Pero tal vez sea sólo culpa de aquellas brujas de San Silvestre de que hablaba Olvido, todas sueltas por el mundo en la Nochevieja, revoloteantes ahora a mí alrededor como antes, cuando escuchaba desde el puente las melodías navideñas, lejanas pero tan claras, y escrutaba a través de los prismáticos las figuras fantasmales meciéndose a su compás.
Pero se falló un día: el cartero llegó en su moto, como si por utilizar aquel sistema de transporte (reservado normalmente para llegar a los términos municipales alejados de la sede concejil) concediese una solemnidad especial a la notificación que nos traía.
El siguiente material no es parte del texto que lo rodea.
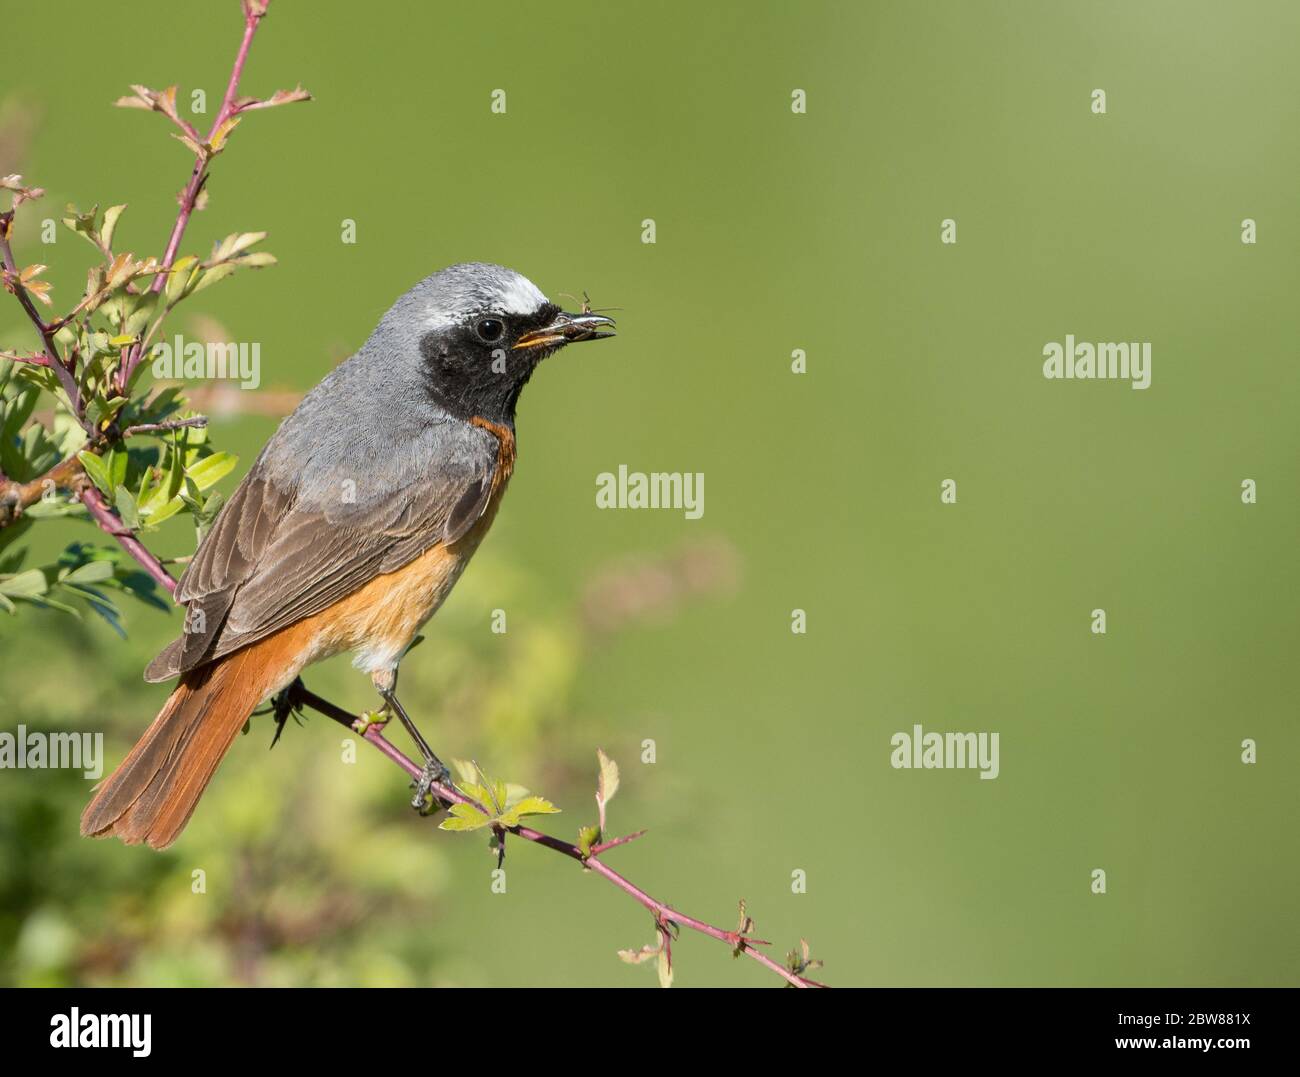 A male Common Redstart (Phoenicurus phoenicurus) in breeding plumage perched with food in its beak. Taken on Cleeve Hill, Gloucestershire, UK. Stock Photo
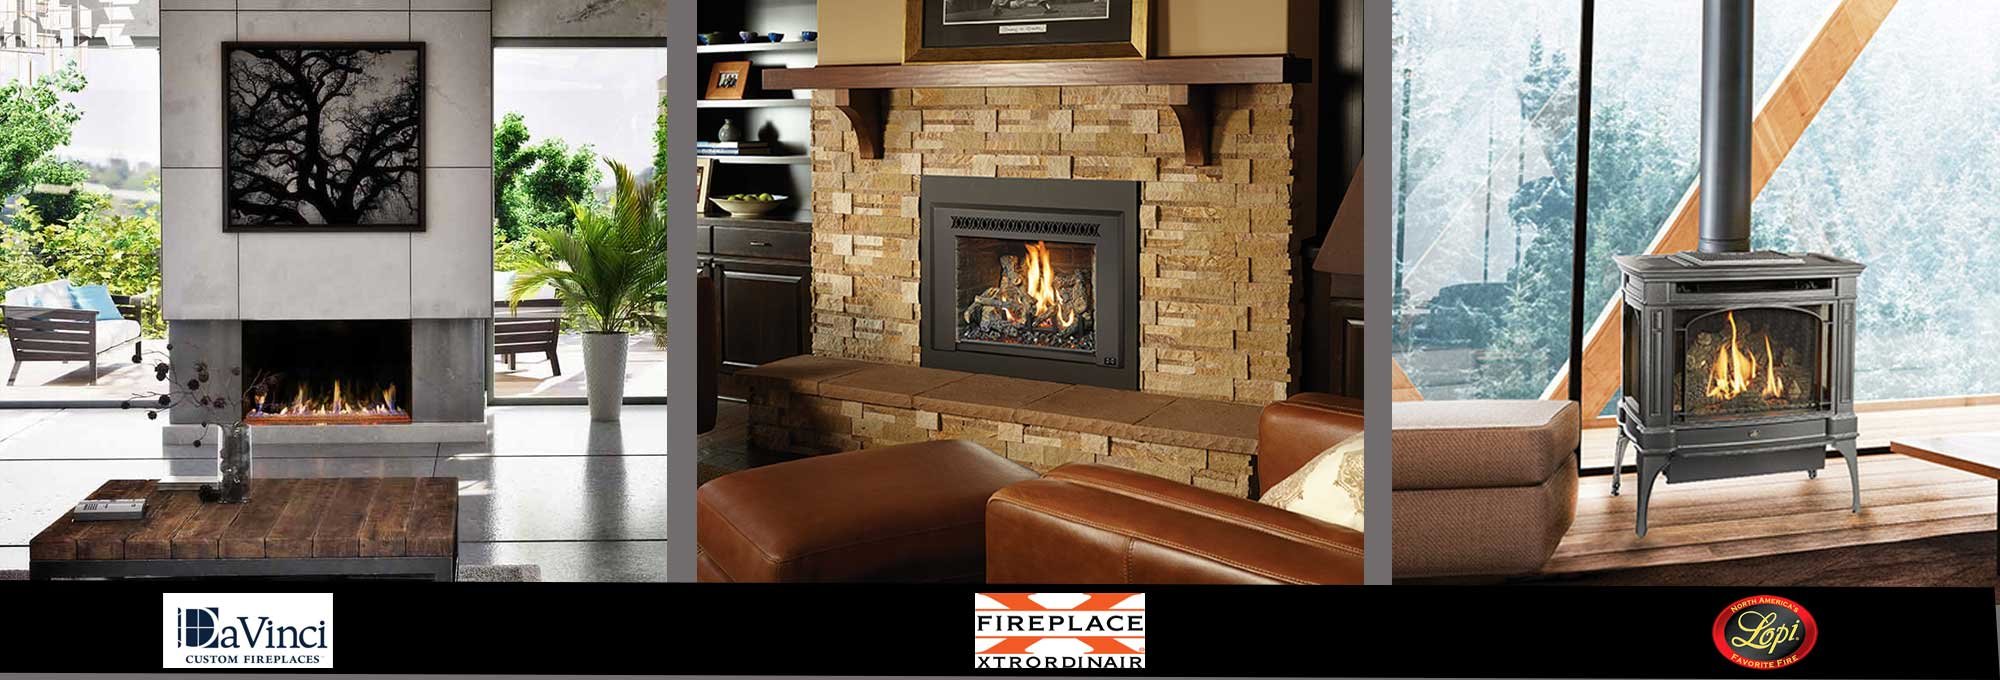 Fireplaces & Stoves in Taos New Mexico

Firmamos y rubricamos, acusando recibo, pero él remoloneaba, retardaba su partida, esperando sin duda barruntar el motivo de tanta formalidad.
No soy capaz de recordar cuánto tardó en fallarse el pleito, pero creo que no pasaron más de dos años: ahora me parece recuperar un marco cronológico, datos de ropas, de libros, de labores en la huerta, de algún rincón especialmente hermoso encontrado inesperadamente en algún paseo por el monte, precisamente en tal fecha; datos personalísimos que parecen situar el suceso; aunque inmediatamente, como los breves rizos, al punto dispersos, que forma el río al franquear súbitos escobios, la certeza de la memoria desaparece y se diluye en otra apariencia en que todo se mezcla, se desparrama y se intemporaliza.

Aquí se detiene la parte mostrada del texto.